Internal Runtime Logic

_load_tools()

  • Functionality: Scans the /tools/ directory for .py files.
  • Mechanism: It reads each file, compiles it, and executes it within the _base_globals dictionary. This makes every function defined in those files available for the LLM to call.

_wrap_async_tools()

  • Functionality: Automates asyncio integration.
  • Mechanism: It inspects all loaded tool functions. If a function is an async def, it is wrapped in a synchronous closure that uses asyncio.run_coroutine_threadsafe to execute the task on the dedicated tool-loop thread.

_run_script(script, execution_id, timeout, mode)

  • Functionality: The evaluation core.
  • Context Isolation: Creates a fresh dict of globals for each run.
  • Timeout: Sets a signal.alarm(timeout).
  • Execution: Runs the compiled script bytecode.
  • Error Capture: If an exception occurs, it captures the traceback.format_exc() and emits an error event.

main()

  • Functionality: The request-response loop.
  • It emits {"type": "ready"} upon successful startup.
  • It reads JSON requests from sys.stdin.
  • It performs _check_secrets to ensure required environment variables are present before execution.
  • It always emits {"type": "script_done"} after a script finishes, regardless of whether it succeeded, failed, or timed out.

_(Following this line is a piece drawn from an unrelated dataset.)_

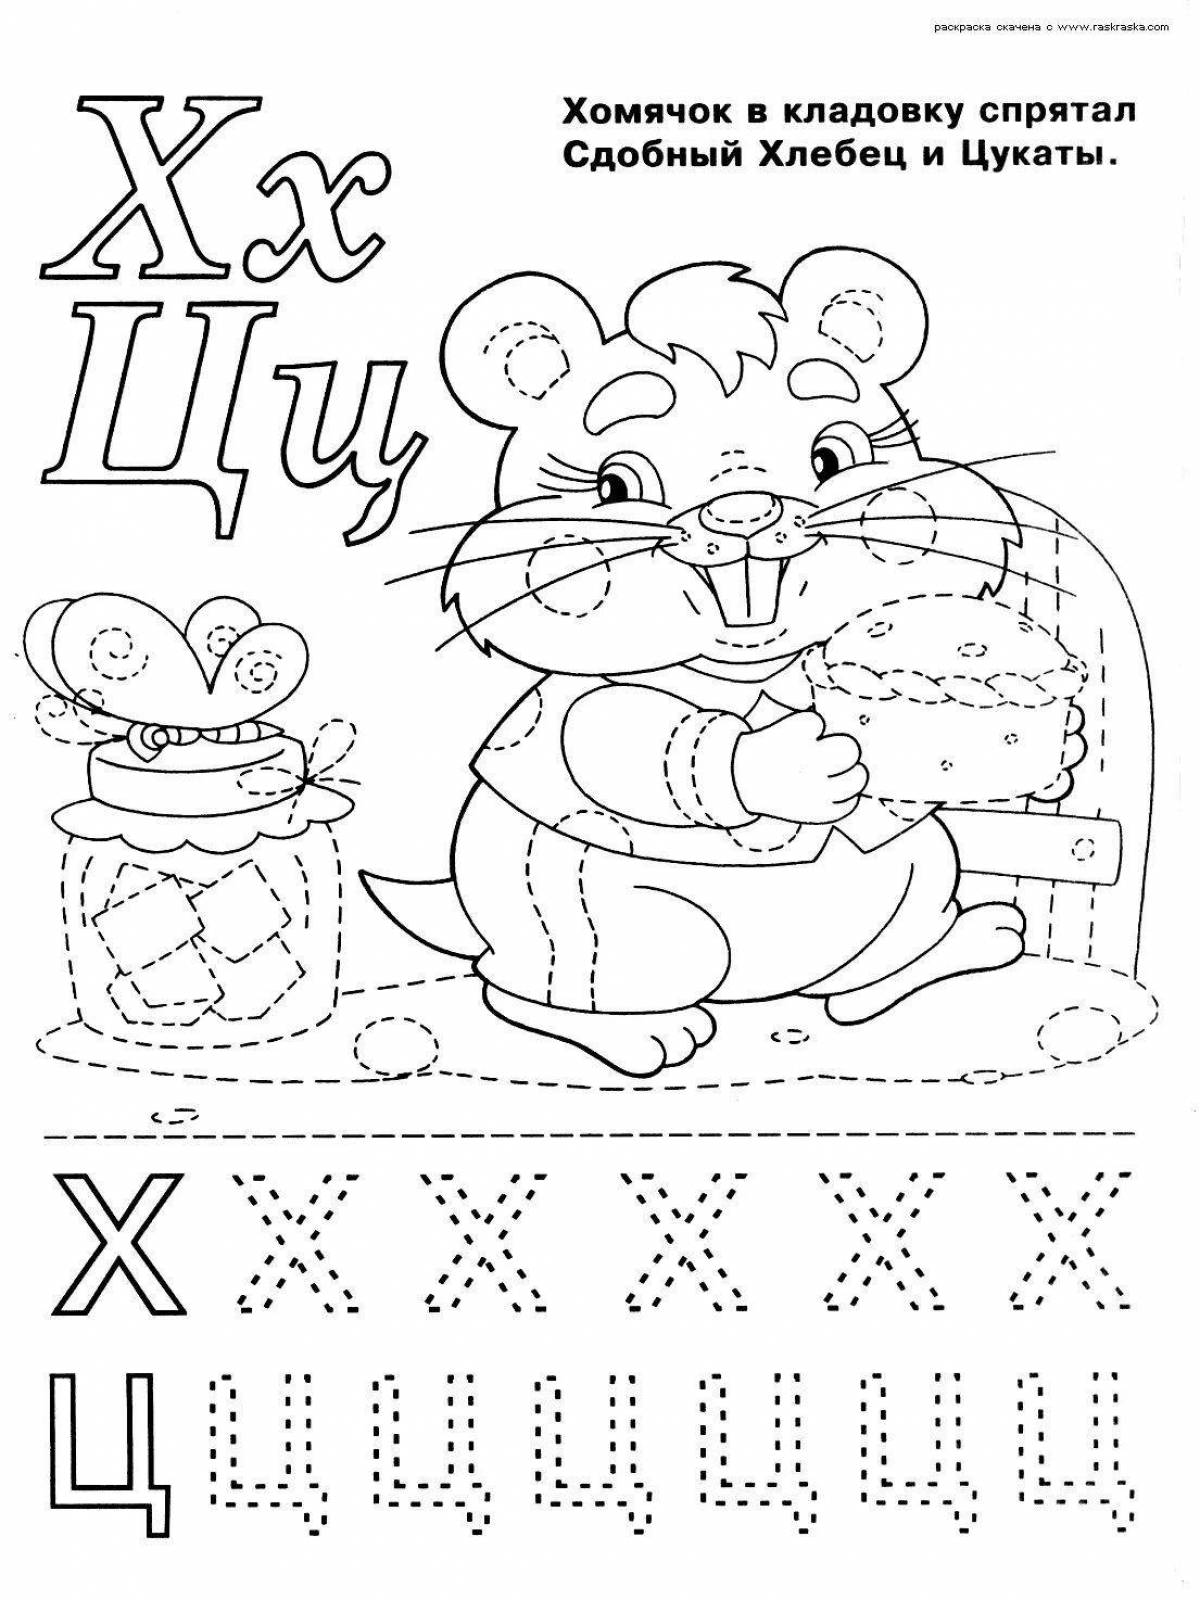 Adorable alphabet x coloring book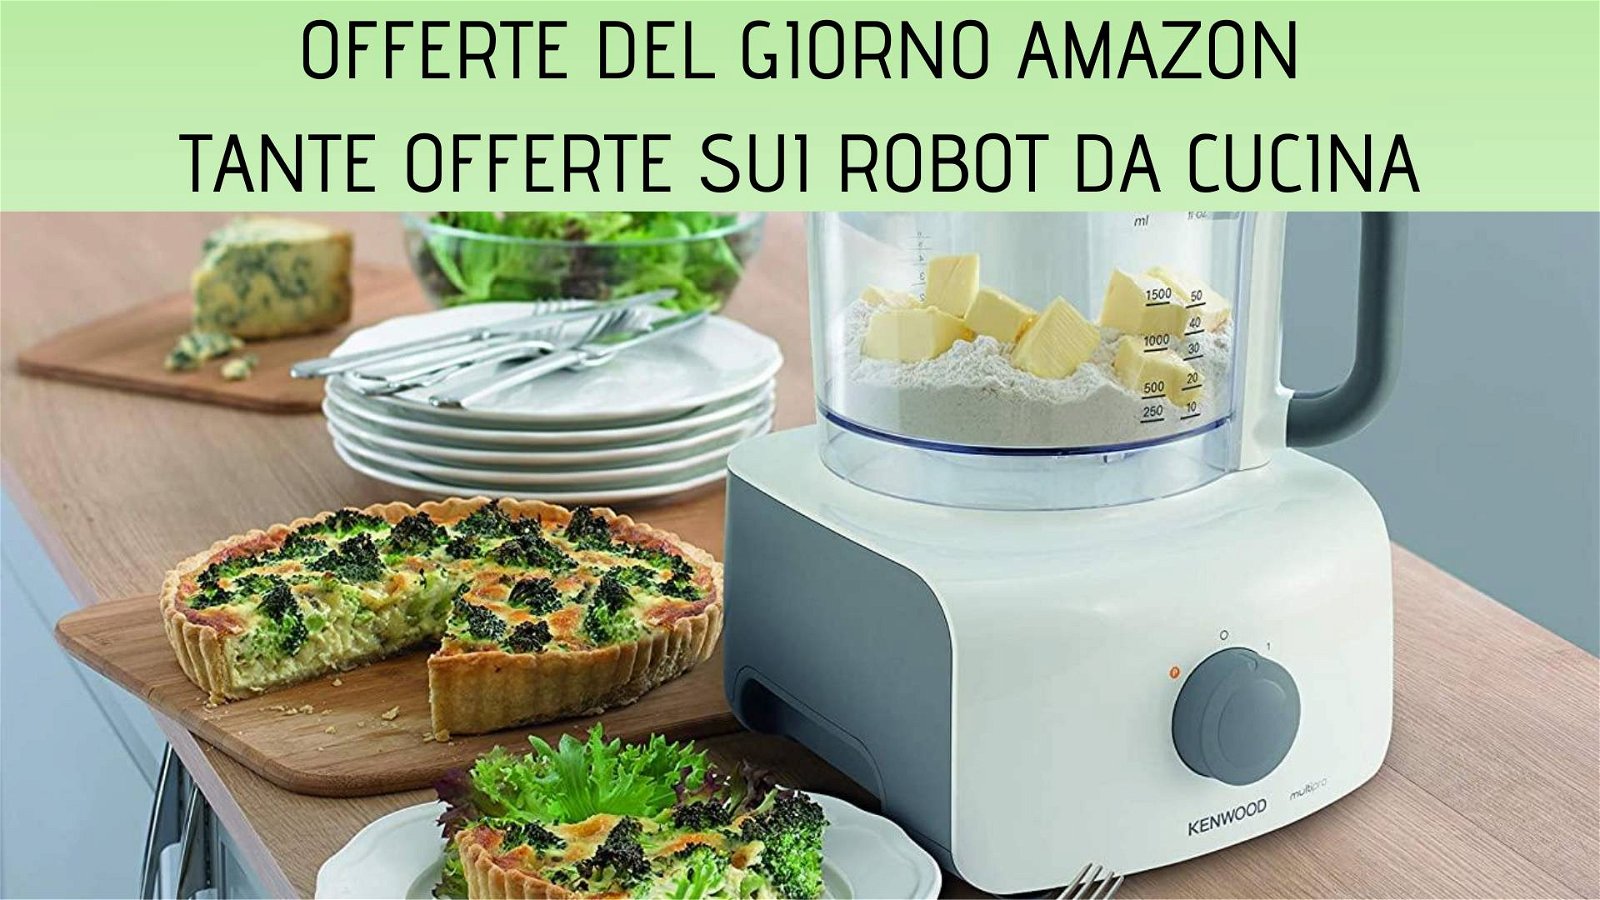 Immagine di Offerte del giorno Amazon: tanti sconti sui robot da cucina!

5. The Wire Protocol (Stdout Events)

The harness communicates with the host via these JSON event types:

Event TypeDescription
readySent once when the container is fully initialized and tools are loaded.
final_resultSent when the script calls emit_result(). Contains the data payload.
intermediateSent when the script calls emit_intermediate().
errorSent if the script crashes or times out. Includes message and traceback.
logSent when the script calls emit_log().
script_doneCrucial: Sent after every execution turn. Signals the host to stop waiting.

6. Error Handling

  • Timeouts: If the script exceeds the allocated time, the OS sends a SIGALRM. The harness catches this, resets the alarm, and returns a structured error: "Script timed out after Xs".
  • Security Violations: If the script attempts to call sys.exit(), the harness catches the SystemExit exception and emits a standard error event instead of allowing the process to die.
  • Secret Validation: The harness checks for missing environment variables before running the script. If a required secret (e.g., STRIPE_KEY) is missing, it aborts and returns an error message listing the missing keys.

7. Remarks

  • IO Thread Safety: The harness uses a threading.Lock (_stdout_lock) to ensure that JSON events from the main thread and the async-tool thread do not overlap or corrupt the stdout stream.
  • Synchronous LLM Scripts: The decision to wrap async tools as sync functions is intentional. It allows the Agent to write standard Python logic without understanding complex asynchronous concepts, leading to significantly higher code-generation success rates.
  • State Management: By using a dedicated globals dictionary per execution, the harness ensures that variables defined in a previous failed attempt do not pollute the namespace of a retry attempt.